Getting Started¶

This guide is meant to provide an easy entry point to start working with nessy.

Introduction¶

Why develop a Framework¶

🧠 Swarm Intelligence: Solving problems benefits all.
⚙️ Efficiency: Frameworks eliminate repetitive coding.
📏 Consistency: Framework use standardizes code for easier maintenance.
🤝 Collaboration: Shared frameworks foster knowledge sharing and teamwork.
✨ Quality: Collective testing and maintenance improve code quality.
💡 Knowledge Utilization: Leverage collective talent in our organization.
🌱 Evolutionary Development: Extend the Framework with new capabilities as needed.
🔒 Security: Implement security best practices across all projects.
📚 Documentation: Comprehensive documentation helps onboard new developers quickly.
🔄 Reusability: Promote code reuse across multiple projects.
🛠 Tooling: Integrate with a suite of development tools for enhanced productivity.
🌐 Interoperability: Ensure compatibility with other systems and frameworks.

Nessy Scope¶

Nessy is designed as a toolbox for Spark ETL and ELT workloads. While its main purpose is to be used as a comprehensive framework, you can also choose to use individual tools from the toolbox. For example, the APIClient is a useful tool that implements many best practices and reduces overhead, such as handling pagination and OAuth authentication in your code.

The workloads can be run on any platform supporting Spark, such as Databricks or Fabric, while, at the moment, Databricks is considered the first class citizen due to the amount of projects that have used Nessy in a Databricks environment and the maturity of the platform in general.

Nessy will support you with operations such as reading, transforming or writing data. The goal is to reduce the overhead of implementing best practices, while at the same time giving the developer the freedom to write code as needed in complex project situations.

Known Limitations¶

Streaming: While streaming is supported, it has limitations. The Nessy pipeline must not materialize the DataFrame before writing the stream. A workaround using the "Change Data Feed" for delta loads is available, but it does of course not cover all real-time streaming use cases.

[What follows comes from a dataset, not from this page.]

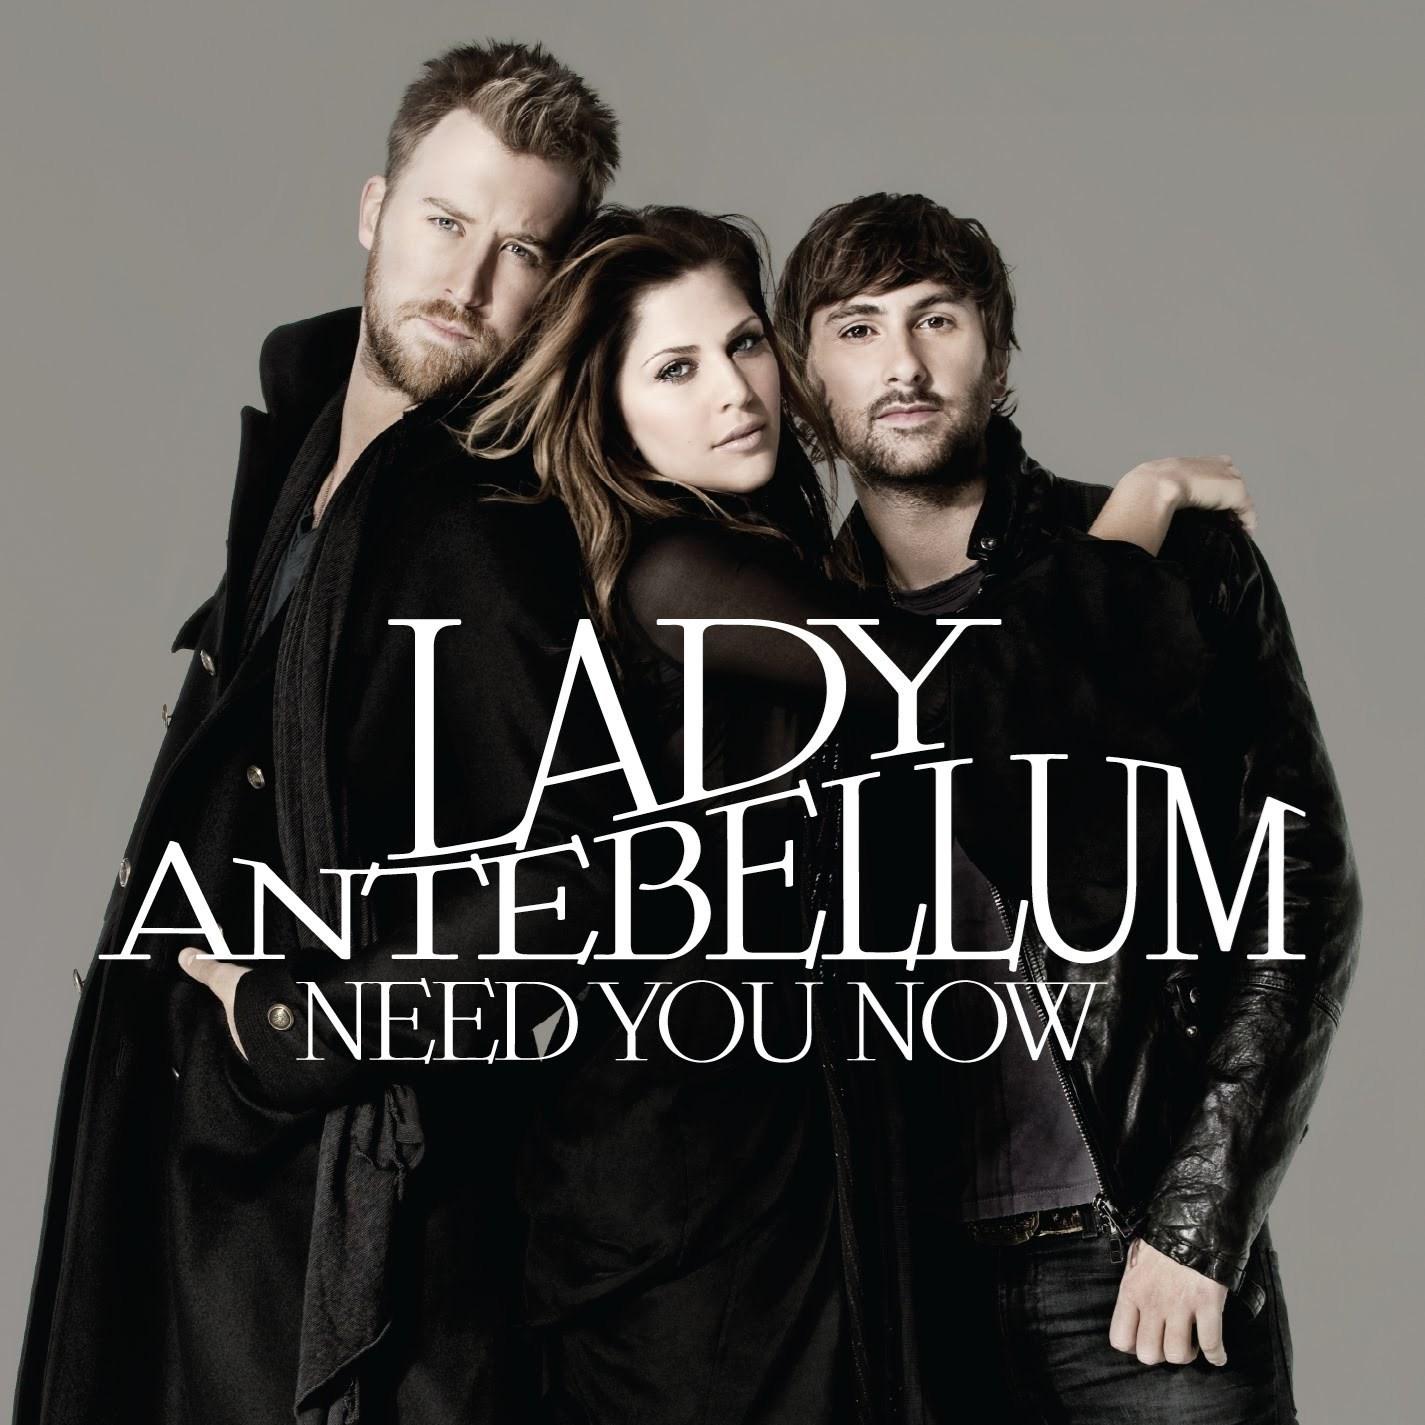 lady-antebellum-need-you-now.21943.jpg
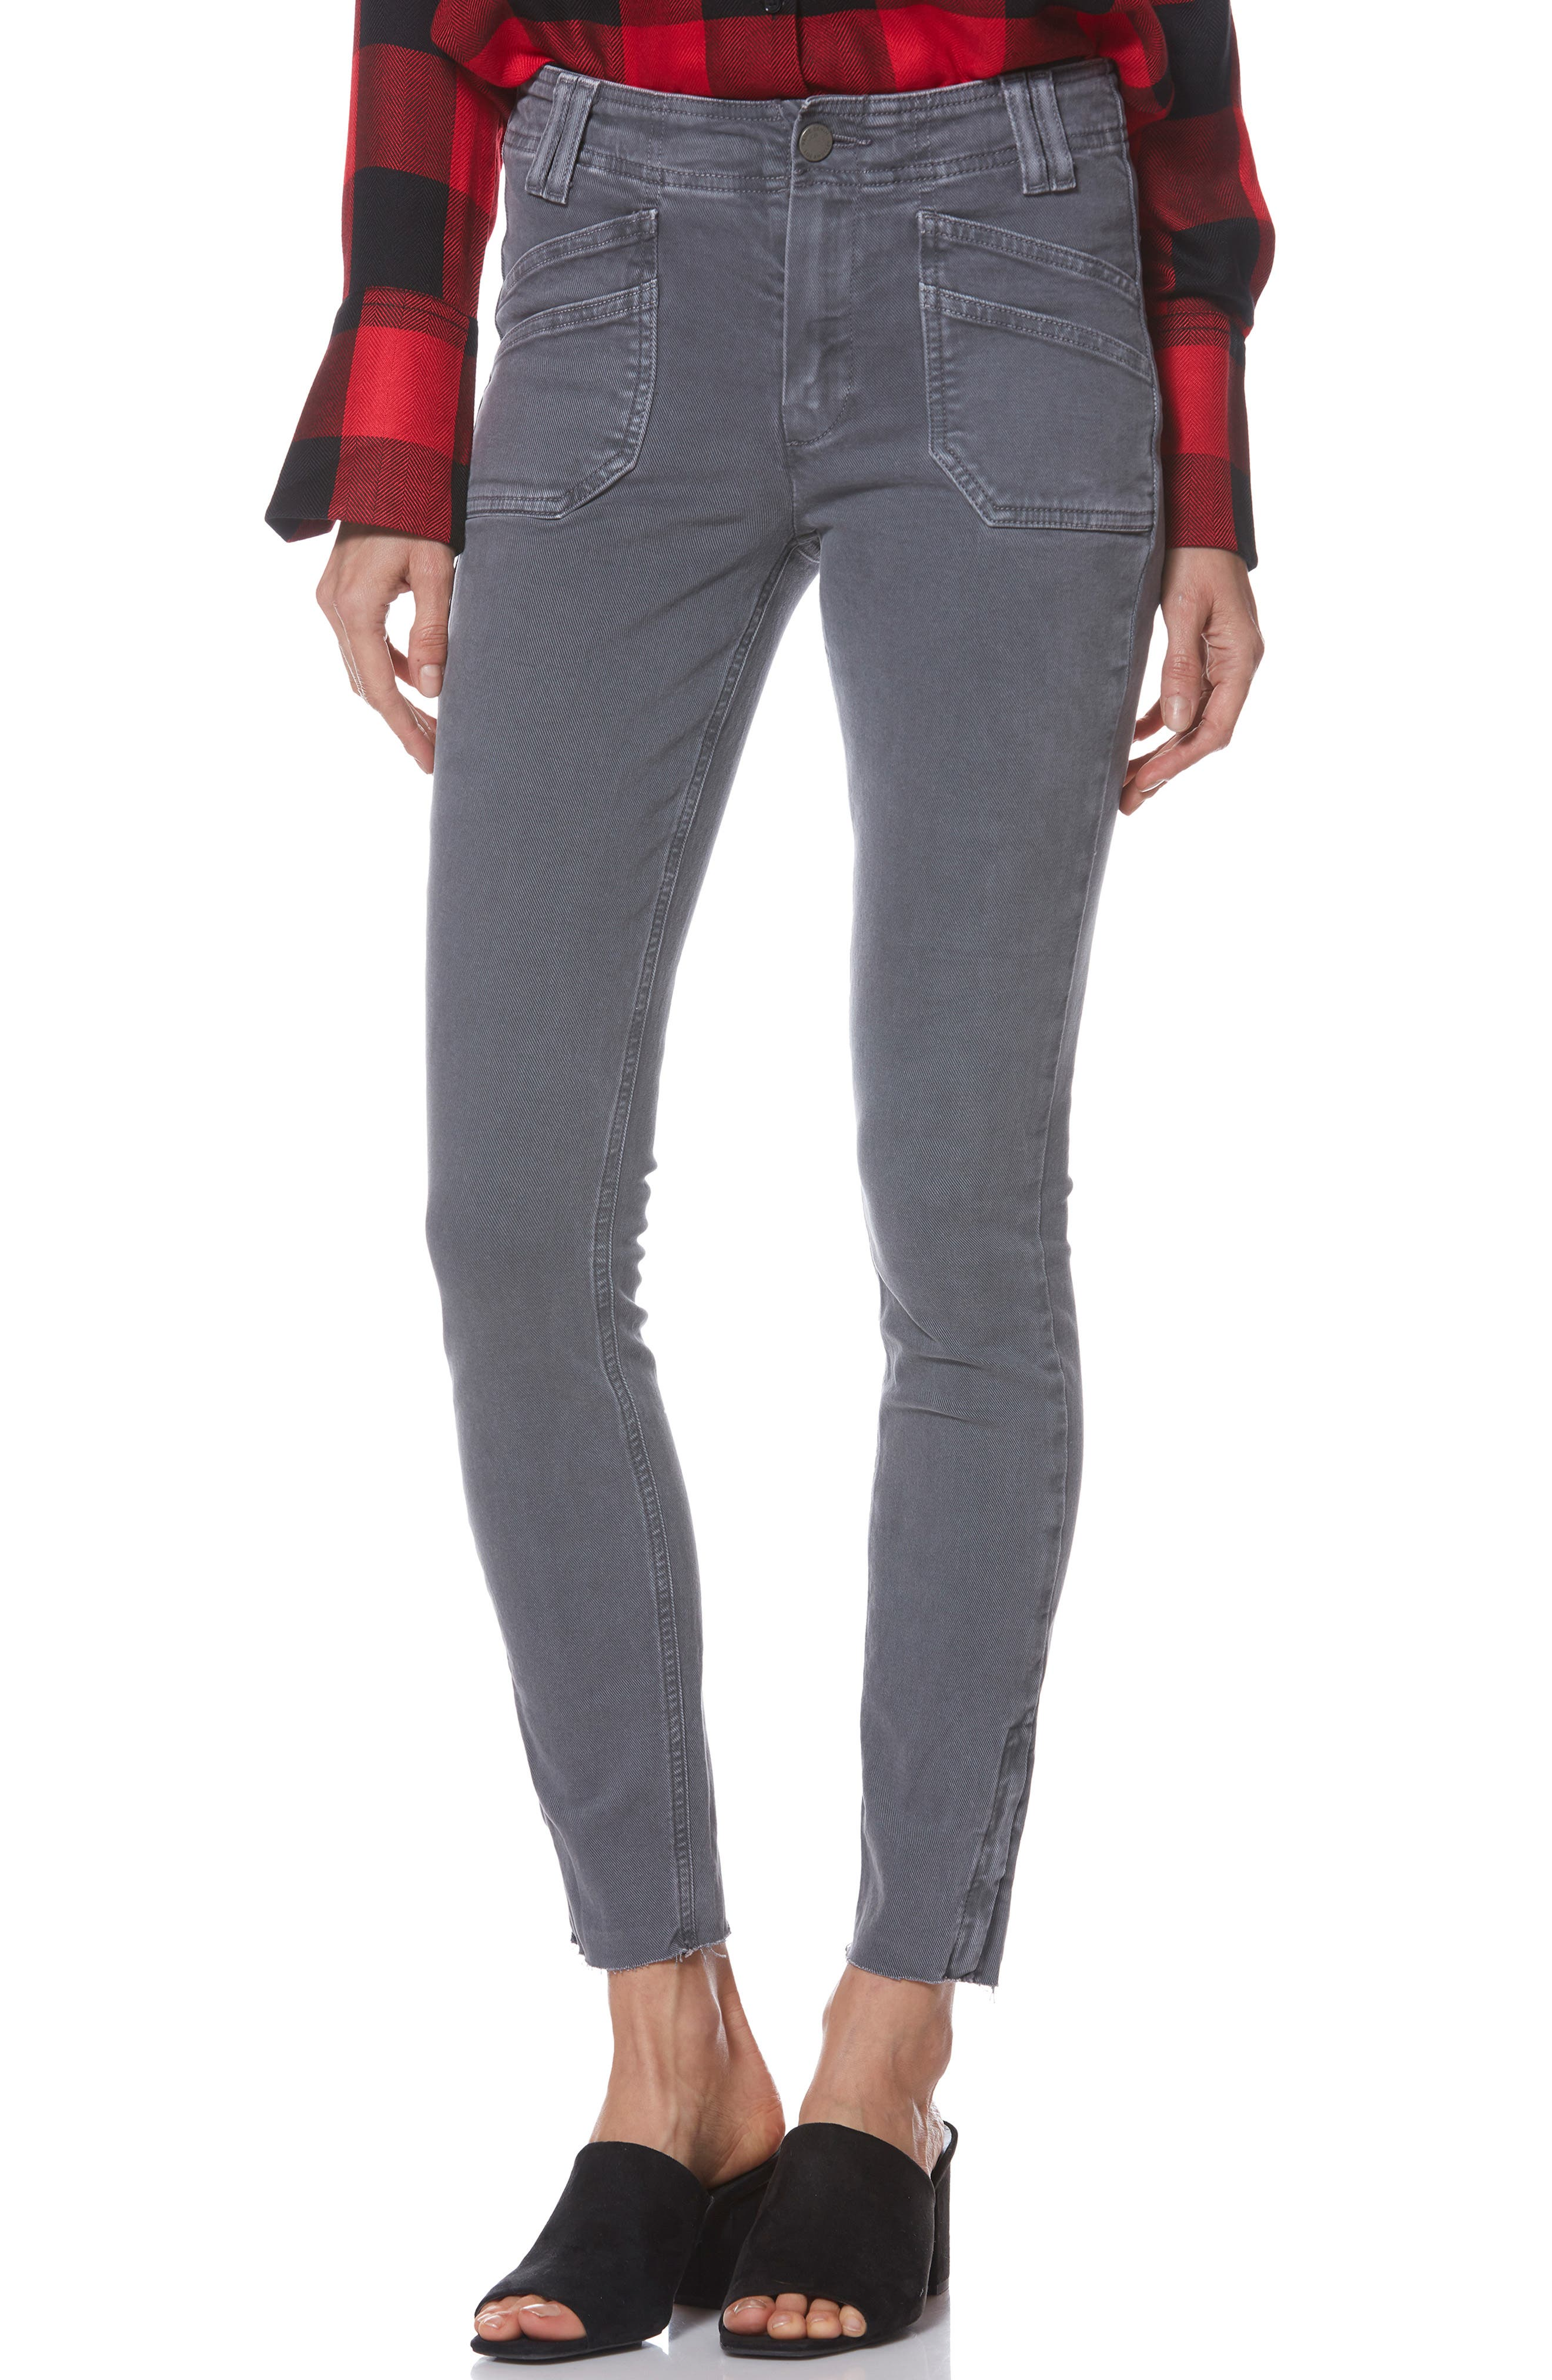 Hoxton Utilitarian High Waist Ankle Skinny Jeans,                             Main thumbnail 1, color,                             VINTAGE TORNADO

What's outside of the scope¶

Customer or project specific solutions: The framework is aimed to provide solutions following general best practices, it is not intended to implement every use case for every customer. Of course it will be extended where the requirement might make sense for more than one project.
Table lifecycle management: While Nessy supports creation of tables, as part of the workflow, things like schema evolution are out of Scope. Although, once a common solution is created, Nessy should reuse the Table definitions from that solution to allow reusability across the boundaries of the framework.
Infrastructure: Nessy relies on some infrastructure to function properly, but creating the infrastructure is outside the scope of the package.

Installation¶

Please find detailed instructions on how to install the Nessy package in the installation section.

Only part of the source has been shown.